After the scene is up, drag the RGB window image placing it to the lower right, keeping its buttons visible. You will be using it again several times when you need access to its buttons.
- Inspection of the Israel image yields these obviously different classes,
whose shapes and colors lead to separability: (Sea)water; Town; Sand Dunes;
Active Crops (strong red tone). Four others show well enough to warrant designation
as classes but their identities are more nebulous: Other Crops (dark red);
Dark Fields (darkish grayish); Fallow Fields (grayish brown); Natural Surfaces
(yellow brown). Other classes are seemingly present but their areas are too
small to be sampled by the cell size we will choose. This is true, for example,
for linear features like roads and the airport runways. So, we will stick
with only 8 classes at this juncture.
- At this point, go to the PIT Window and click on Scheme. Some options are in
gray; (not activated), the others in black (active). Click on "Add Class".
A window will drop down, labeled "Enter a Class Name and Color" In the first
Name Box, type "Water". Go to the Browse Color button and click. A long list
(requiring a scrolling button) will appear. Click on "Blue" when it appears:
part of the window will take on this color. Press Select and the color name
will appear in the Color Box. Press Add and both boxes will be cleared. Next,
type in Town, go to the Color Menu, scroll down to Brown, and repeat the rest
of the procedure. For the rest of the classes we set up in this first try,
the names/colors are: Sand Dunes = Yellow; Mature Crops = Dark Green; Other
Crops = Pale Green; Dark Fields = Gray; Fallow Fields = Light Pink, and Natural
Surface = AquamarineMake any C and B adjustments you think make class distinctions easier.. The selection being done, press Done. (Note: if you
already know a color name [after familiarity with the list], you can elect
to type it directly into the Color box rather than scroll the list itself.)
- Raise (redisplay) the Interpretation window and work through to Left Scheme (or restore it to the screen if it had been minimized).
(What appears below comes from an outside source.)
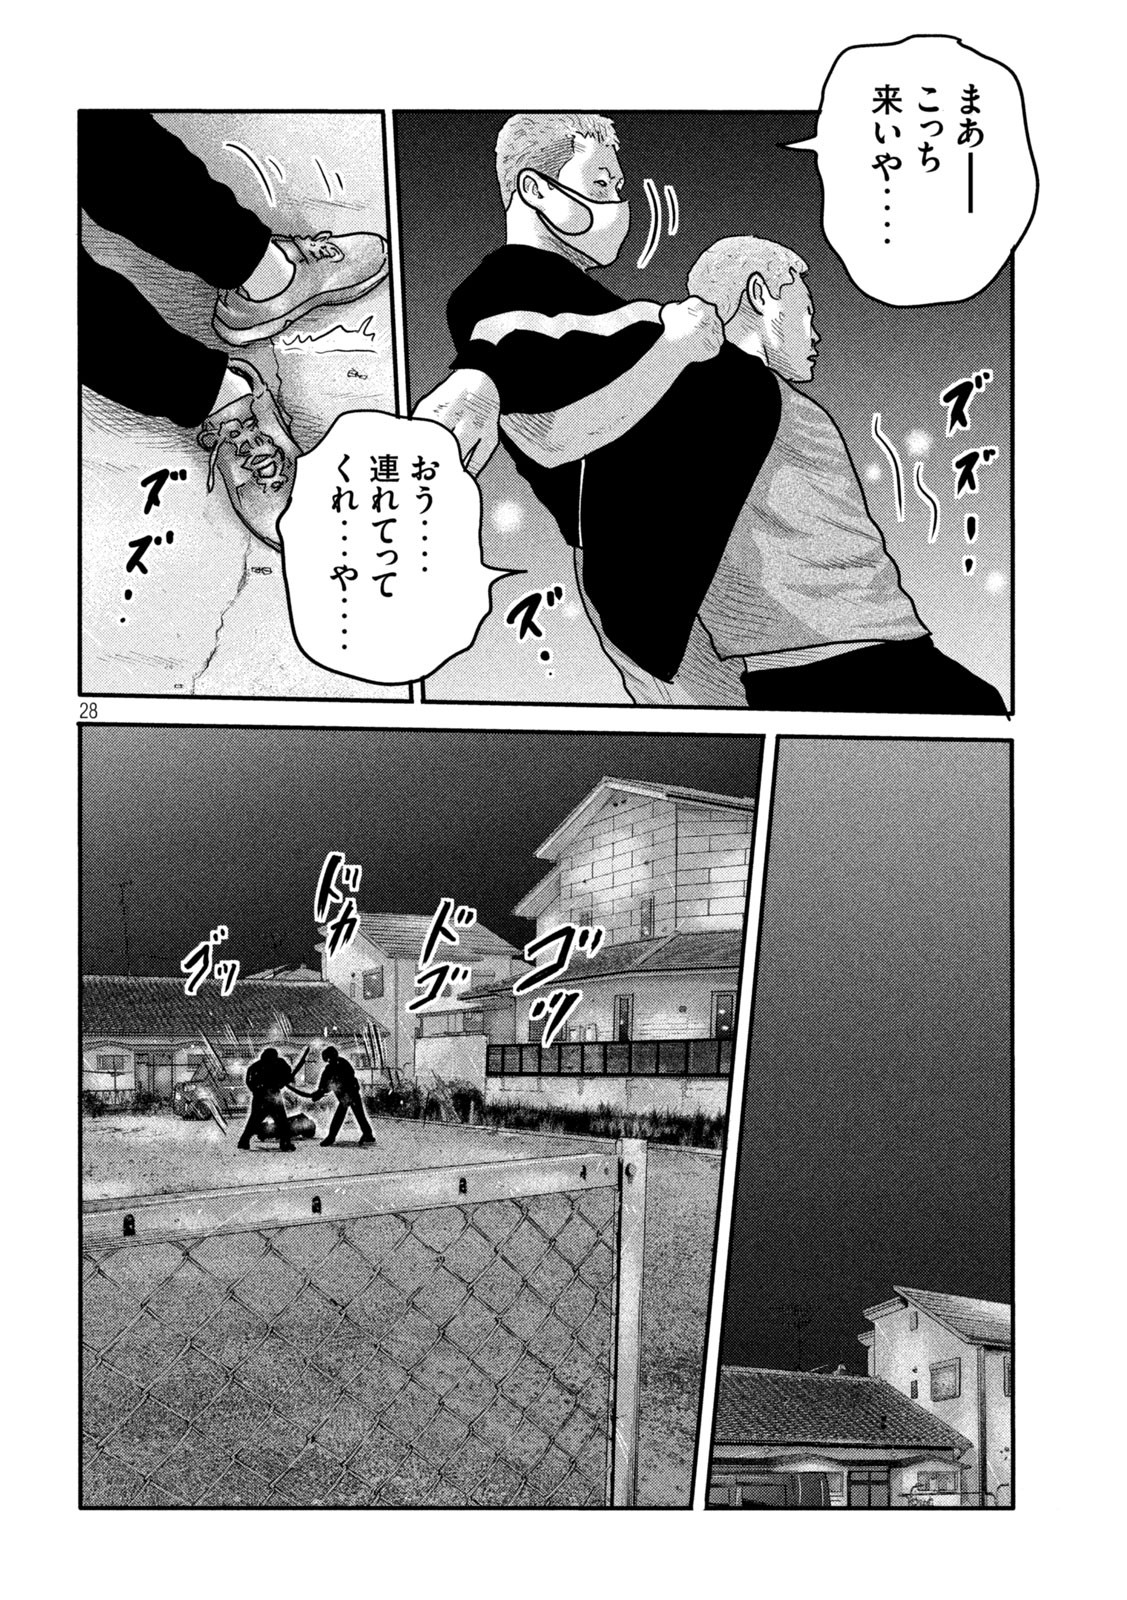 ザ・ファブル The Second Contact 第2話 - Page 28
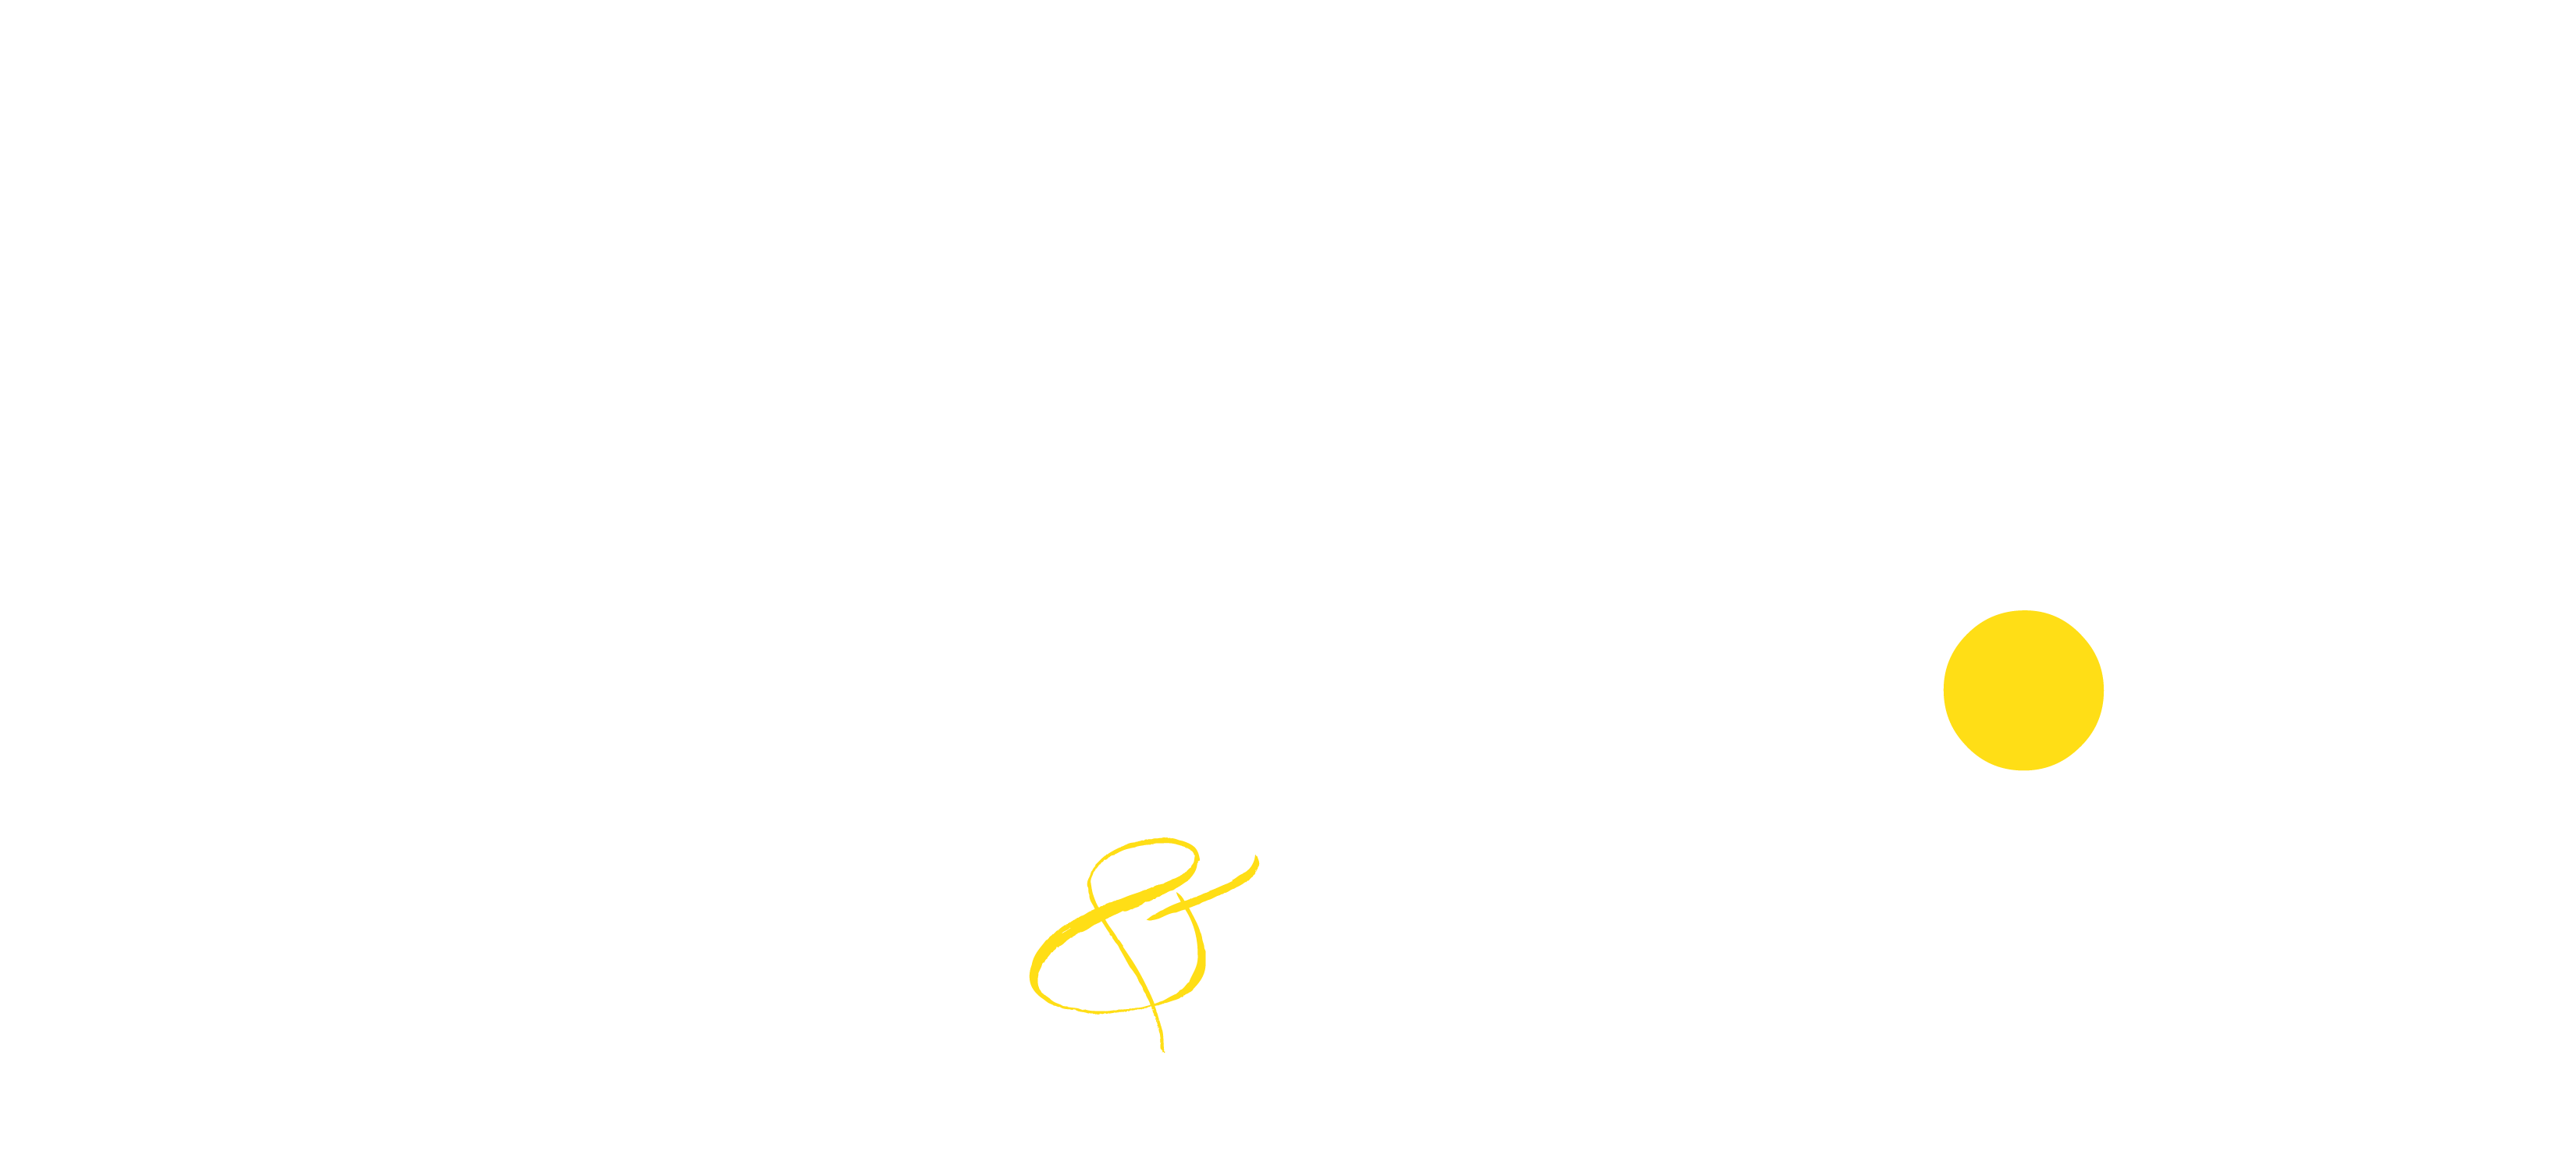 Drybar Logo - Shine. Salon & Drybar | West Dundee and Hampshire Salons

The classes created will now appear as a list of color outlined rectangles
at the left (or top). The scene may be the gray image or the color view, depending
on what was saved or minimized earlier. If the gray image, then convert it
to the false color version in the usual way (Display Image Control; RGB).
You will observe that a black grid, with widely spaced squares, is superimposed.
Each square encloses 64 x 64 pixels. For this scene, the square box contains
too many different classes - many in their visual expression are much smaller
than the box (hearafter called a Cell). It is necessary to either reduce the
Cell size (increase the total number) or, as we will do later, greatly enlarge
part of the scene (Zoom). To reduce the cell dimensions, go to View, then
down to Cell, and click. The small window to the right contains two options.
Clicking on Size produces a window with a series of n x n sizes, with the
64 x 64 size checked. Change to 16 x 16 by moving the cursor to that position
and clicking, which will check it. If you wish to change the color of the
grid, then click on Grid, the other option, to a new color. Here, we will
stay with black. Also, if you wish to remove the entire grid (perhaps temporarily),
click on View, then Show, and click off the checkmark in the right window
next to Grid; to restore, re-enter and click it on.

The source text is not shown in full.